Pour survivre, l'abeille bleue dépend d'une plante de la famille des calaments connue sous le nom de Clinopodium ashei et dont l'habitat est également très limité.

C'est à proximité de l'une de ces fleurs que le premier spécimen a été trouvé par Chase Kimmel. Le chercheur a ensuite utilisé la macrophotographie et a consulté des spécialistes qui avaient étudié l'espèce pour confirmer l'identité de l'abeille. Verdict : il s'agissait bien d'une O. calaminthae. Et cette première découverte a été suivie par d'autres identifications.

Un habitat plus étendu qu'estimé

Au total, l'insecte a été repéré dans sept nouveaux endroits où il n'avait encore jamais été recensé, permettant ainsi d'étendre son aire de répartition. Une bonne nouvelle qui ne fait pour autant pas figure de victoire. "Bien que j'aie trouvé l'abeille sur plusieurs sites, cela a pris des heures et parfois des jours pour en trouver une seule", a souligné à USA Today Chase Kimmel. Elle est "encore très rare".

L'un des spécimens observés puis relâchés par Chase Kimmel lors des recherches menées à Lake Wales Ridge. Chase Kimmel

En plus d'être rare, l'espèce est largement méconnue. On sait que cette abeille solitaire ne construit pas de ruches mais des nids individuels. Aucun nid n'a cependant été trouvé jusqu'ici, laissant planer le doute sur ses préférences. Plus que de simplement repérer l'insecte bleu, le projet de recherche vise ainsi à en savoir plus sur son comportement et sa biologie.

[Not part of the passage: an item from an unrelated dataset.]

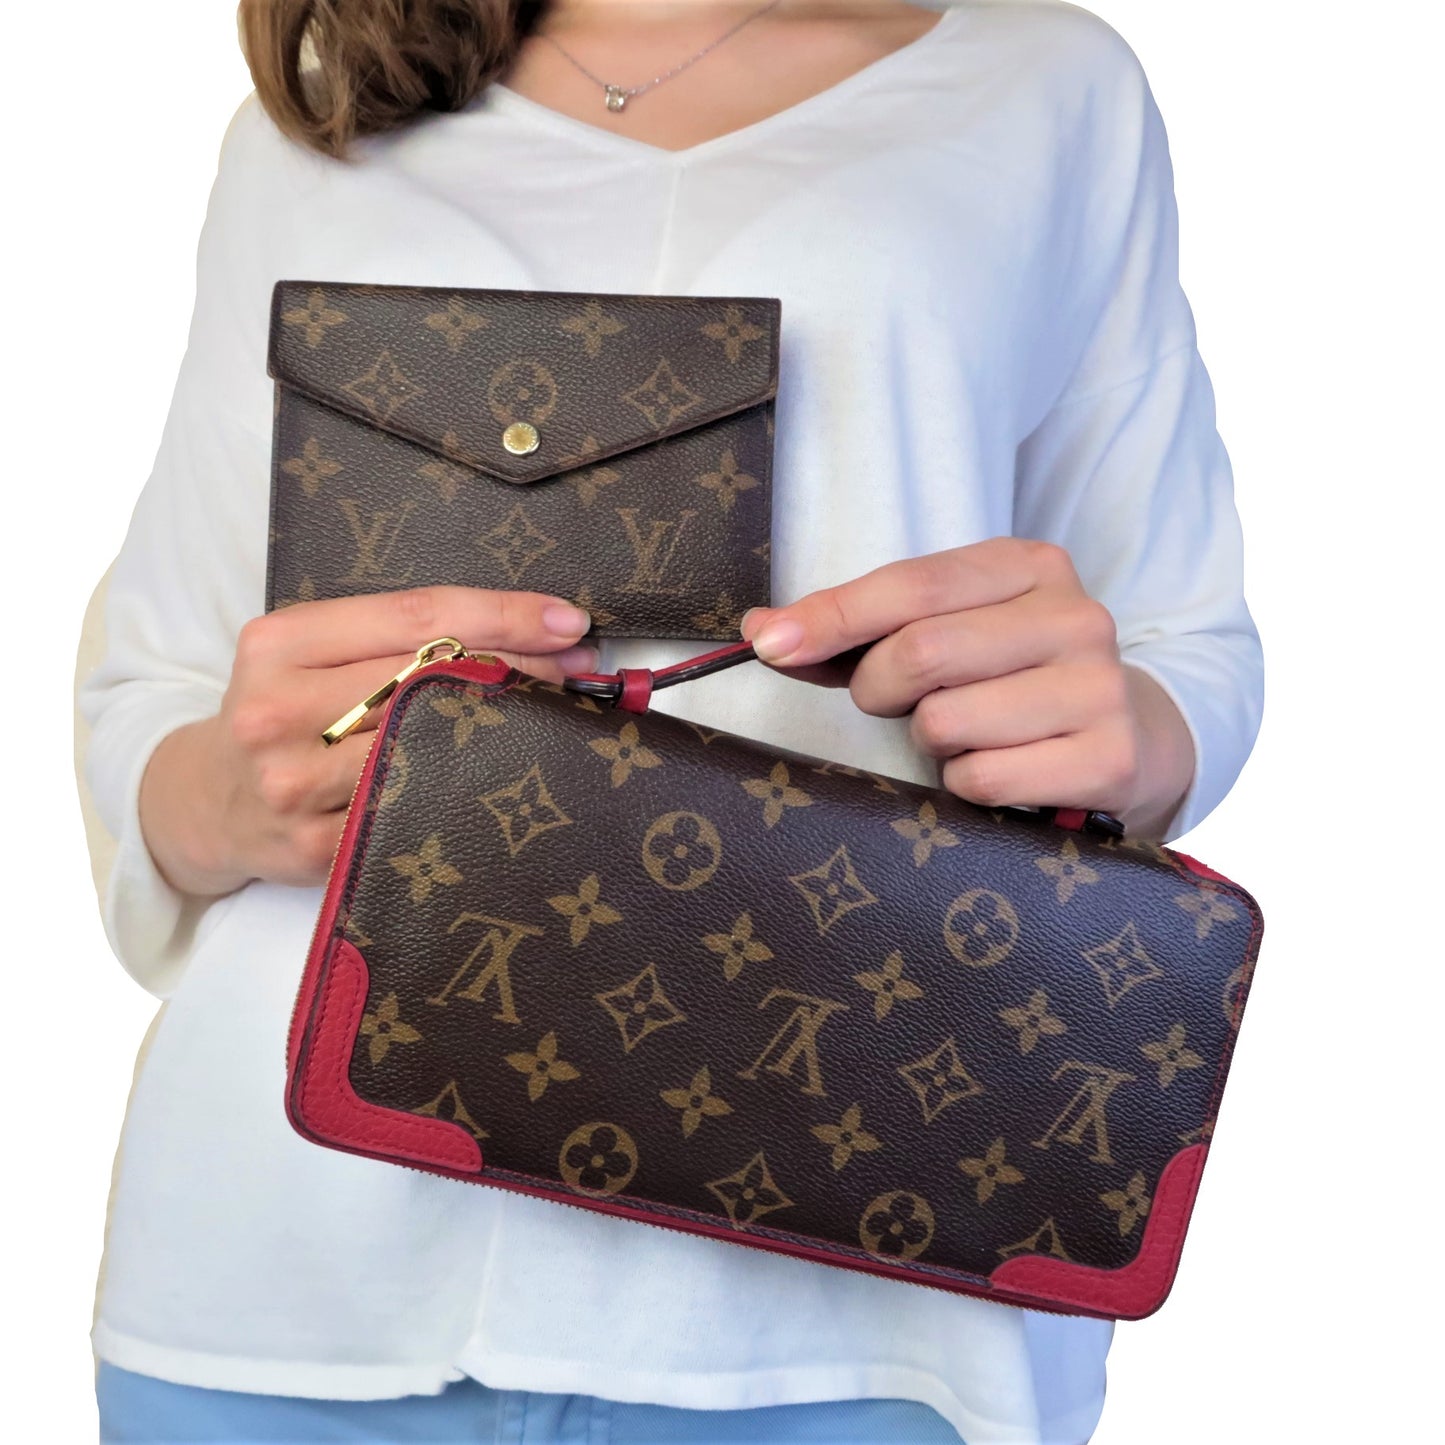 Louis Vuitton, Bags, Lv Daily Organizer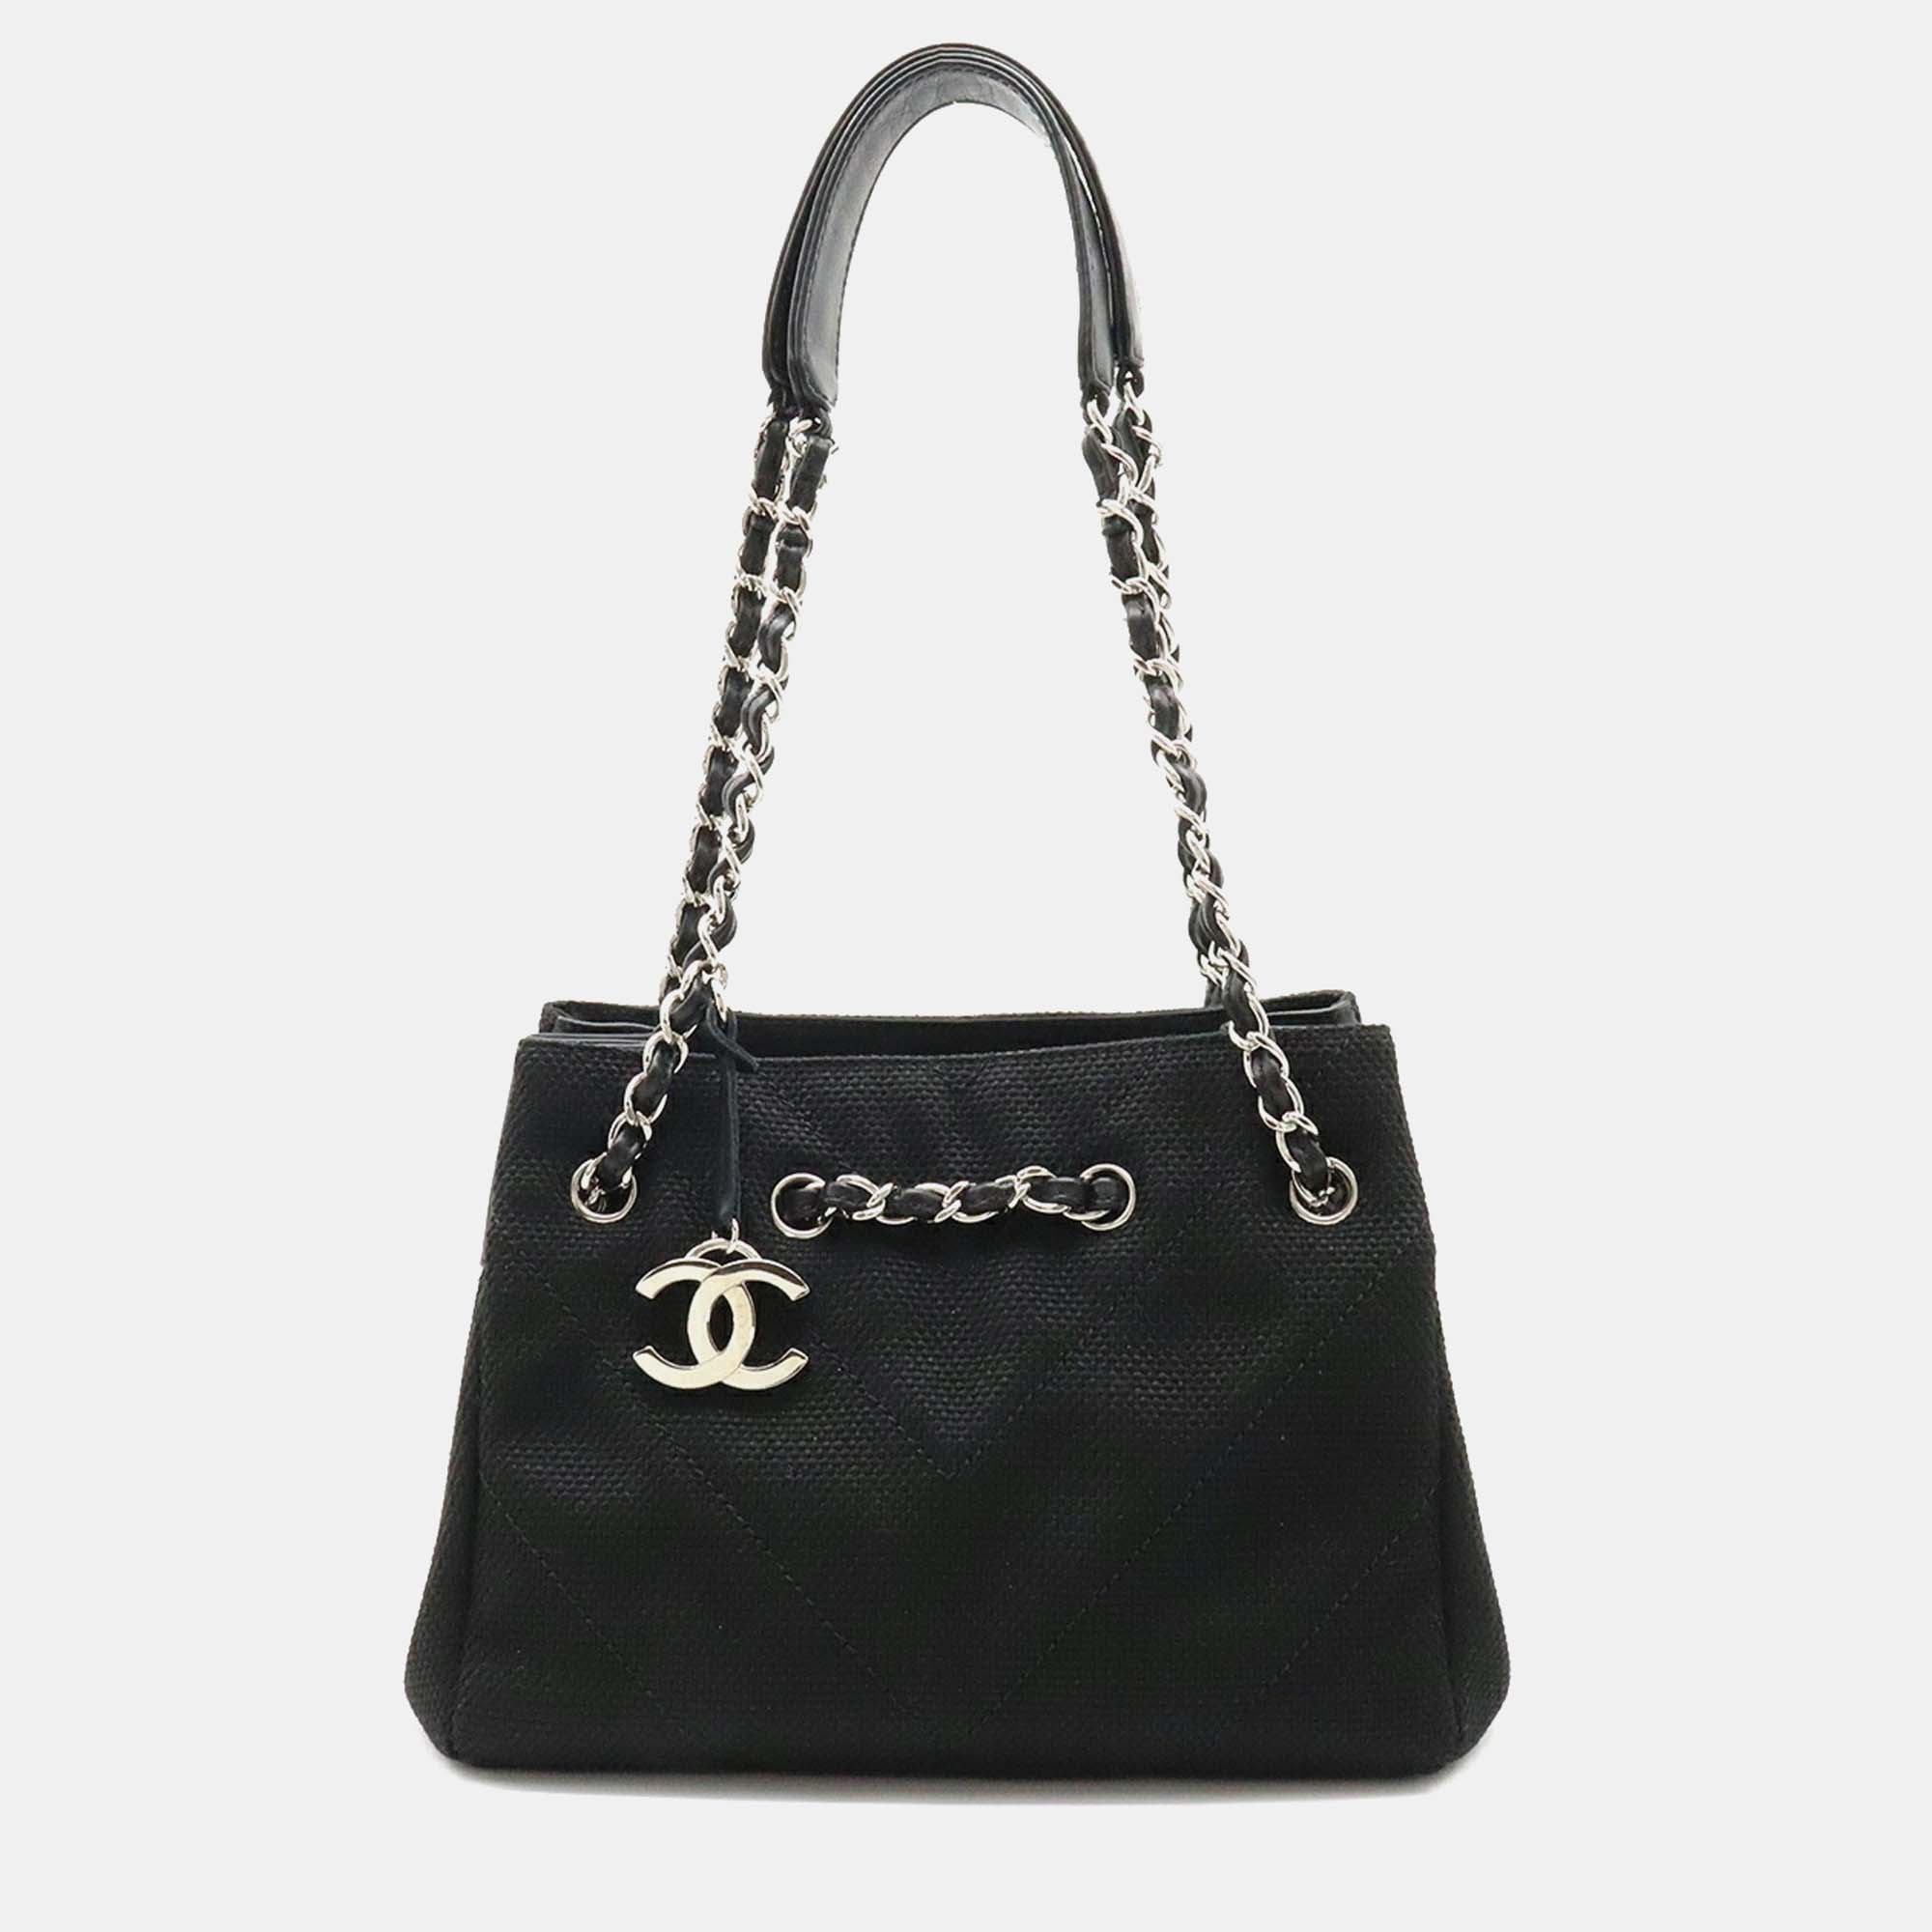 Chanel black canvas/leather chevron cc tote bag

"Nous tentons de combler les nombreux vides, ce que nous ne savions pas auparavant", a-t-il précisé. "Cela montre à quel point nous en savons peu sur la communauté des insectes et le nombre de belles découvertes géniales qu'il reste à faire". Au cours des récentes observations, un cas d'une abeille bleue pollinisant un autre type de fleur a par exemple été recensé.

Pour en savoir plus sur les préférences des O. calaminthae en matière de nid, le chercheur a installé une quarantaine de boites contenant des blocs de bois percés de trous de tailles différentes. Les dispositifs seront régulièrement surveillés au cours des prochains mois, bien que la crise du coronavirus et les mesures de sécurité aient entravé les recherches ces dernières semaines.

Une quarantaine de boites telles que celle-ci ont été installées pour tester les préférences des abeilles en matière de nid.  Chase Kimmel

Une espèce à protéger

En apprenant à mieux connaitre l'espèce, le spécialiste espère aussi inciter à la protéger, de même que son environnement. "Sa présence est étroitement associée à la calament d'Ashe, donc l'abeille pourrait influencer la façon dont la plante est pollinisée ce qui peut affecter la survie de la plante", a relevé pour CNN, Chase Kimmel.

C'est pourquoi "il est très important de continuer à étudier la relation entre l'abeille et les plantes hôtes et son influence sur son environnement", a-t-il continué. Mais la survie de la plante menacée n'est pas le seul facteur qui pèse sur l'existence de l'abeille bleue dont l'habitat au sein du Lake Wales Ridge disparaît rapidement.

"C'est une chose d'entendre parler de perte d'habitat et de développement, c'en est une autre de rouler 30-40 minutes à travers des kilomètres des plantations d'orangers simplement pour arriver à un minuscule site de conservation", a illustré le scientifique. "Cela met en perspective à quel point la perte d'habitat affecte tous les animaux qui vivent dans cette région".

Une partie du projet de deux ans, financé par la Florida Fish and Wildlife Conservation Commission, va aider à déterminer si les abeilles bleues peuvent prétendre à une protection en vertu du Endangered Species Act, loi américaine visant à protéger les espèces en voie de disparition.